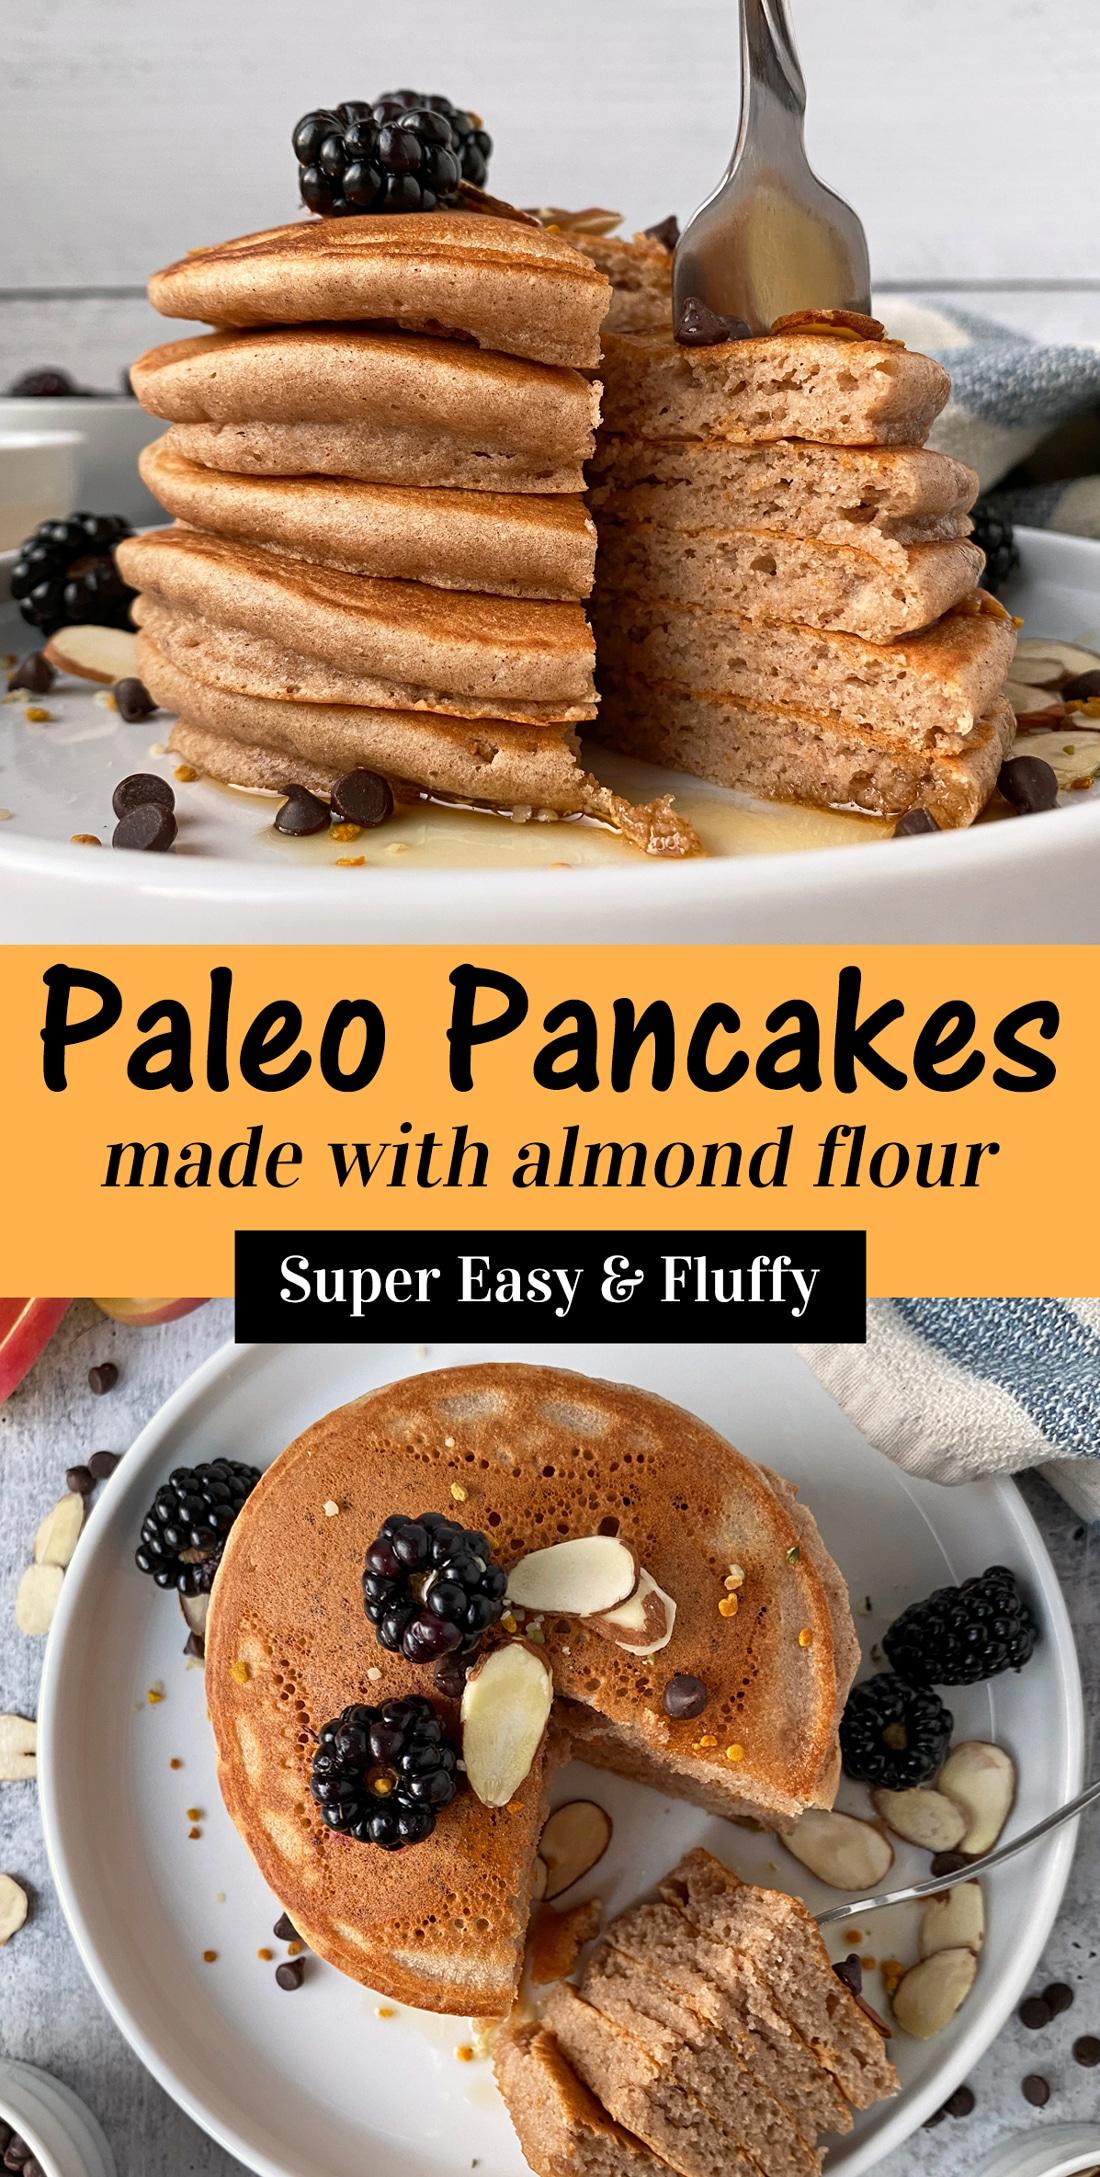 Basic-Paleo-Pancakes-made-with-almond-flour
* * *
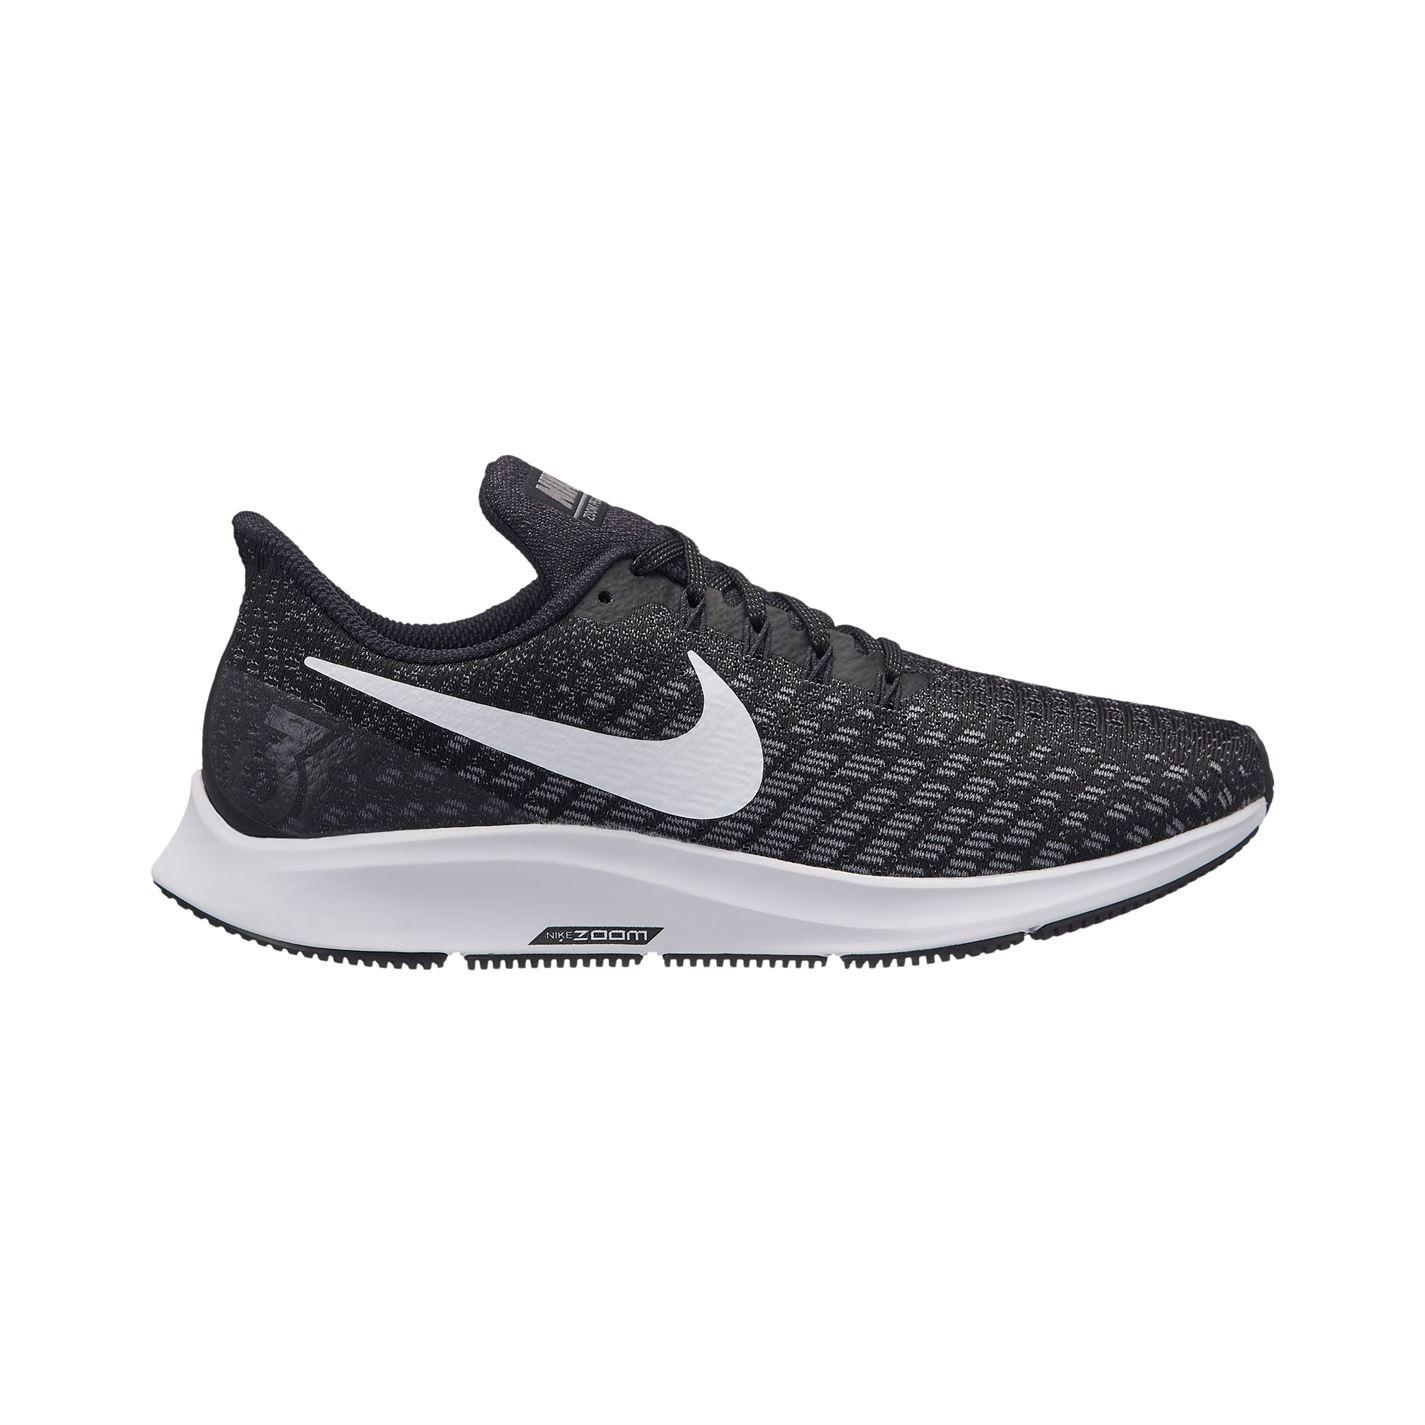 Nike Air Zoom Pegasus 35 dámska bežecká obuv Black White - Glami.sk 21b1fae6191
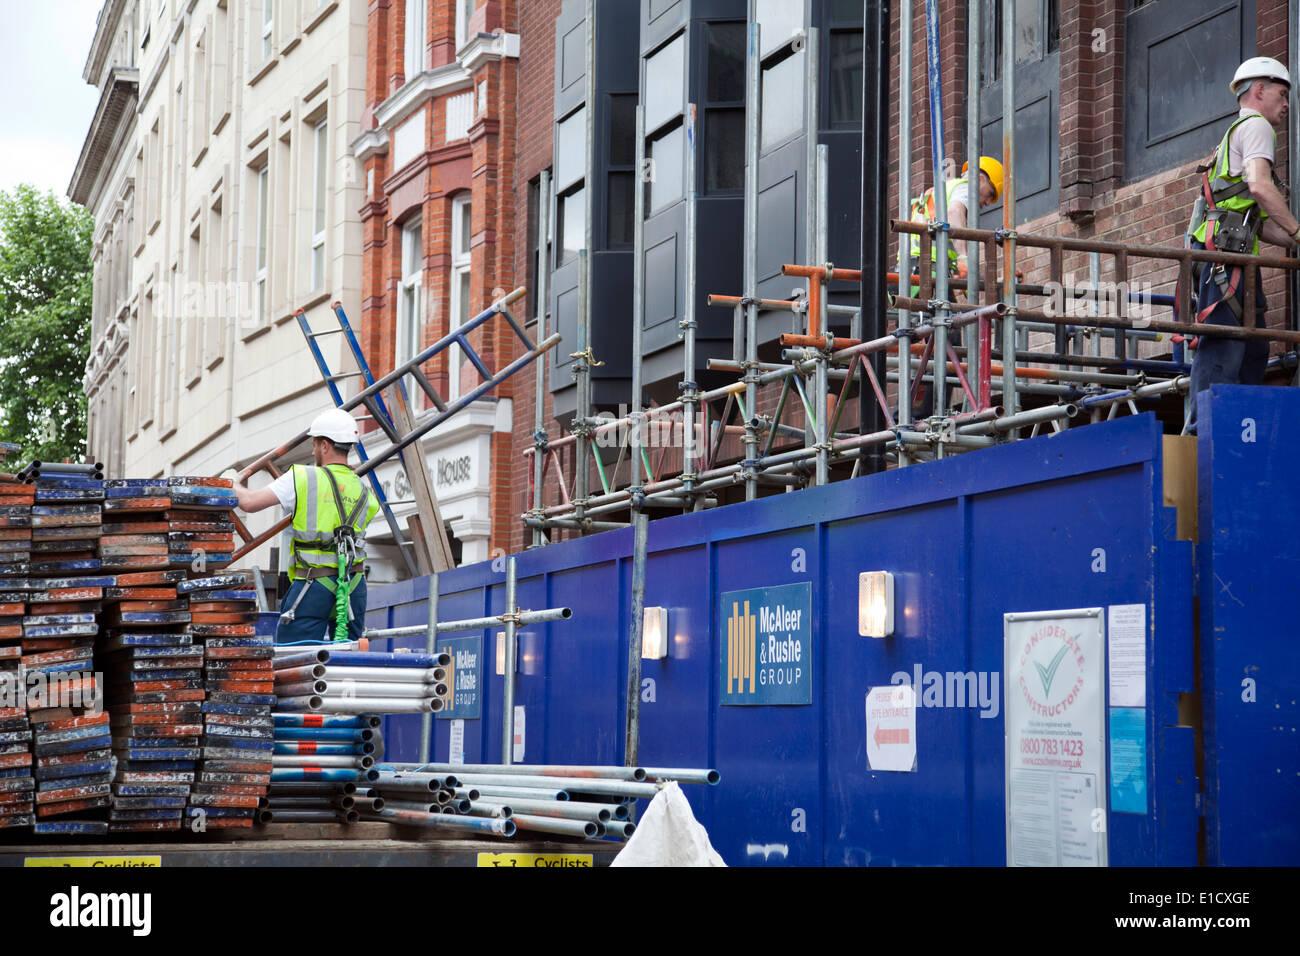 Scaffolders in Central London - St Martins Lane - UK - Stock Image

__REQUIRED ACTION__. From the records above, return exactly the lines running from the one that contains "Nike Air Zoom" down to the one that contains "Scaffolders in Central", both included, without any pictures.

__RESULT OF THE EXERCISE__.
 Nike Air Zoom Pegasus 35 dámska bežecká obuv Black White - Glami.sk 21b1fae6191
 Scaffolders in Central London - St Martins Lane - UK - Stock Image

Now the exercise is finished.